American photographer

John Brill (born 1951 in Newark, New Jersey) is an American photographer, known for his conceptual and subversive approach to the techniques and language inherent in the photographic process. John Brill is represented by Kent Fine Art in New York.

==Life==
John Brill has been creating photographic records of his everyday existence since 1959. Self-taught in photography, his shift to art in 1981 followed his formal studies within the field of physiological psychology. From the mid-1970s through the 1980s, the artist drove a beer truck in the northeast corner of New Jersey, absorbing the raw visual beauty of a vast industrial wasteland, where he began shooting his seminal series of portraits and self-portraits. He is a self-taught photographer, who has exhibited regularly since the 1980s when Bill Arning of White Columns discovered his work and subsequently gave him his first solo show. Brill has been a school bus driver in Madison, New Jersey for over 20 years and is represented by Kent Fine Art in New York.

==Work==

John Brill has created several thematically coherent, discrete bodies of work, which include; Family Holiday Album, engrams, ennui, Reliquary, and Cosmophelia. Although his œuvre is composed of versatile and separate bodies of work, all of his images have been created with specific regard for their dual role as two-dimensional representations as well as physical art objects.

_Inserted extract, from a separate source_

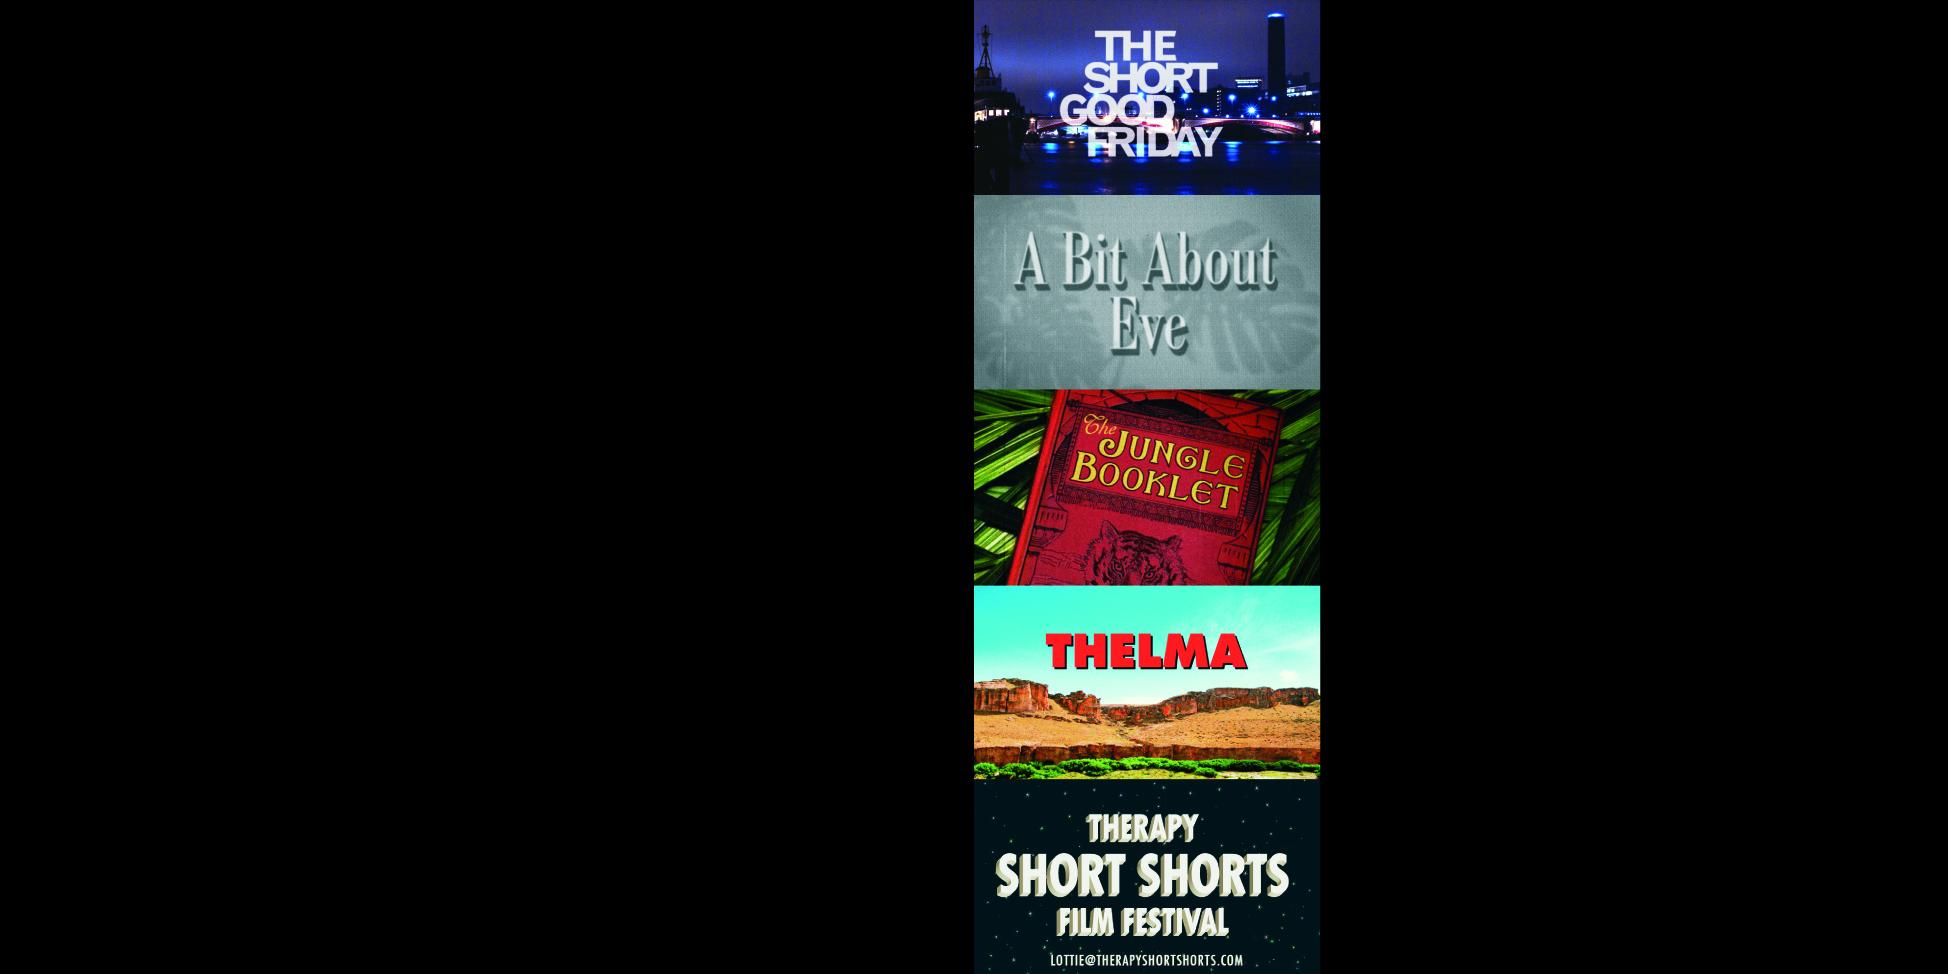 'The Short Good' Therapy Short Film, (Black), DHM.jpg

Leah Ollman reflects on the artist's early work in the introduction to the 2002 monograph, The Photography of John Brill:

Beginning with staged portraits and self-portraits, his imagery became increasingly nebulous, reflecting his interest "in how resonance could remain unaffected by the systematic removal of content." Toward the end of the 1980s, he began seriously toying with the idea of the "thoughtograph." He scavenged for pictures, made some from life and others from the television screen, then worked to distance the images from their origins through multiple printings, fragmentation, tonal shifts and value reversals. In the end, the pictures derive more from mind than from matter. They're projections of his will, contrived out of pure desire. Physical representations of the incorporeal."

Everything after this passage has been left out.